The 20,000-square-foot store, which will sell canned, packaged and frozen foods and some non-grocery items at 40 to 50 percent off normal retail prices, is part of the redevelopment of the GEM property into shopping and business center called City Square. The Kapalama GEM store has been closed since early 1994.
Former GEM owner Glenn Kaya, who holds the master lease and is developing the property with partners, said one of the old Kapalama buildings was torn down, a new one erected and the old main building completely refurbished. Another major tenant will be the city's driver licensing operation and a satellite city hall.
Joe North, a spokesman for the City Square leasing agent Marcus & Associates, said the main former GEM building has about 50,000 square feet of leaseable space and the new building has 9,500 square feet.
"There's also an additional 40,000-square-foot building planned," North said. That development will depend on how the leasing goes.
"We're going after a few national chains typically found in strip shopping centers," North said. He expects some local businesses to be there in support of the city's activities, including insurance and finance companies.
The first Grocery Outlet was opened in June in the Waianae Mall by Glenn S. Nakamura, a 20-year veteran of the Pay'n Save stores, now Hawaii regional representative for Berkeley, Calif.-based Canned Foods Inc., which developed the Grocery Outlet concept. CFI is the supplier of the low-priced goods to the local owners.
What makes the low prices possible is CFI's buying power, said Greg Geertsen, vice president of real estate at CFI.

Most of it is brand-name merchandise. Examples, Geertsen said, include packages that have been replaced by new ones of a different size. CFI buys all the old-size merchandise and moves it out to the retailers.
Since most grocery items these days carry sell-by dates on the package, or perhaps the date of manufacture, much of it would go to landfill unless it was snapped up by a business with the ability to move it out quickly and sell it cheap before the pull date, he said.
When Del Monte mistakenly left out the cherries when it packed fruit salad in cans with labels showing a maraschino cherry, CFI jumped in, Geertsen said.
"We put it out on the shelf labeled 'cherry not included' and sold it for half price," he said.
And CFI has been selling Hawaii-made items on the mainland, such as promotional packages of Hawaii-bottled Pepsi-Cola that were not sold by the time the event they promoted was finished. The promotional package no longer makes sense but the product is the same as any Pepsi and the price is right, Geertsen said.
CFI feeds more than 100 Grocery Outlet stores across the country.

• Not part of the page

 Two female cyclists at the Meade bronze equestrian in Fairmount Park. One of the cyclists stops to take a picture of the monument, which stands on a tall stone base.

The Waianae store has been a success both for its own business and for the community, Nakamura said. "We're the way to welfare reform," he said, noting that many of the Waianae customers are welfare recipients who get a lot for their little money.
He said the store has many regular customers who drive to Waianae from as far away as Waimanalo. "They come maybe once a month and stock up," Nakamura said.

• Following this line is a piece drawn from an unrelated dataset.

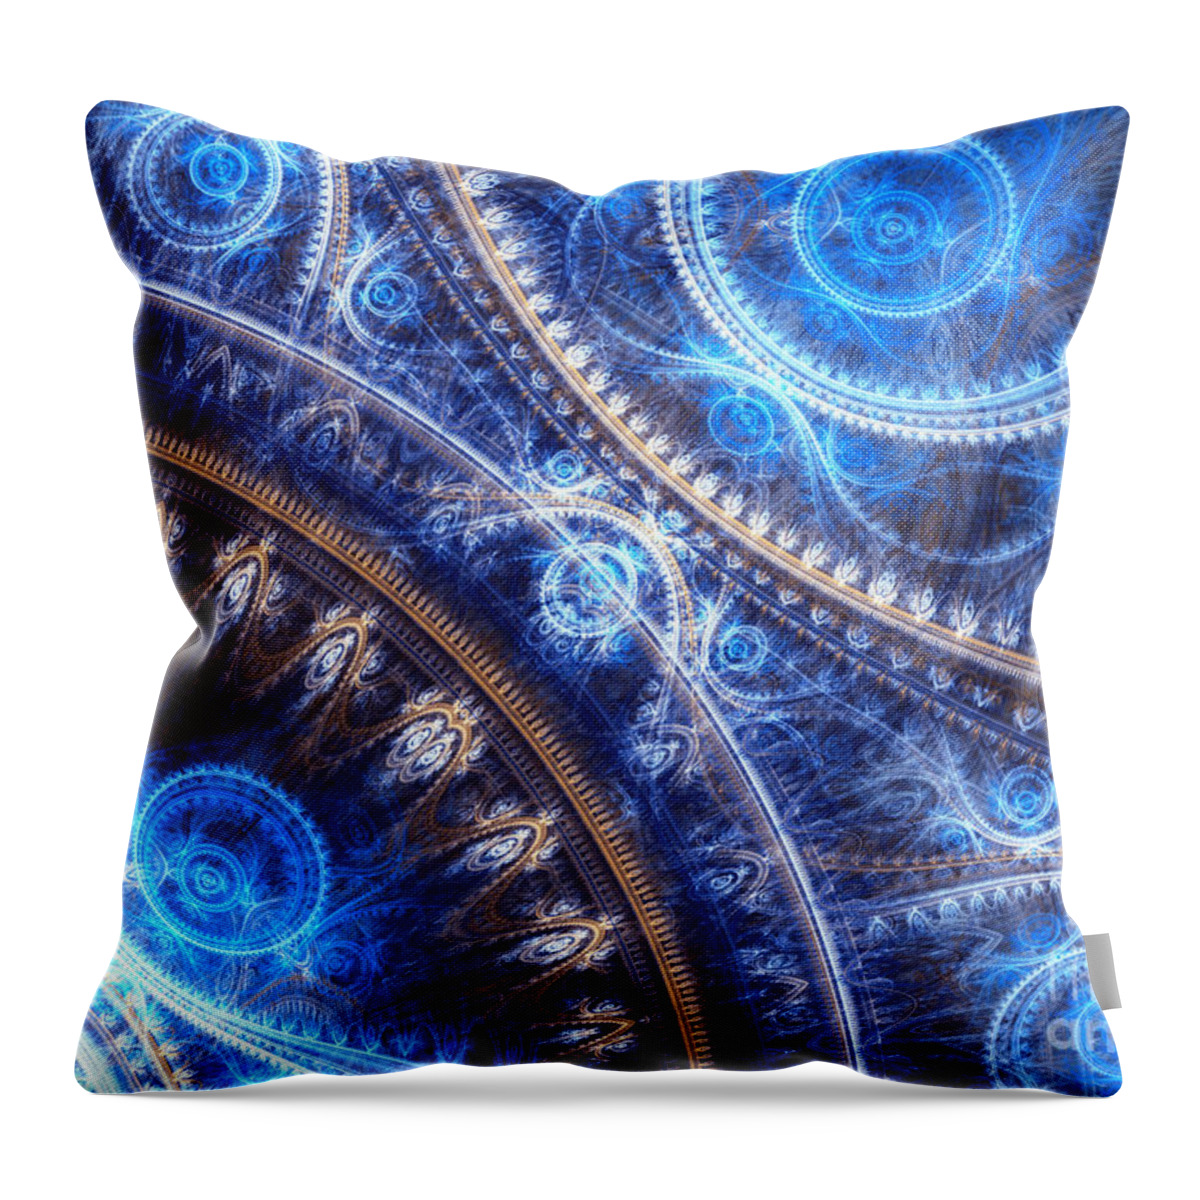 Abstract Throw Pillow featuring the digital art Space-time mesh by Martin Capek

The GEM location is central and should attract customers from all over the island, he said. The owner-operator of the Kapalama store has yet to be named. Jason Hasegawa, also a Pay'n Save veteran, is owner-operator at Waianae.
Geertsen said the Grocery Outlet stores don't advertise anywhere and depend on word-of-mouth. One reason is that it is selling brand-name merchandise, obtained at special prices, that other stores also sell. "The manufacturer doesn't want its old item positioned against a new one," Geertsen said.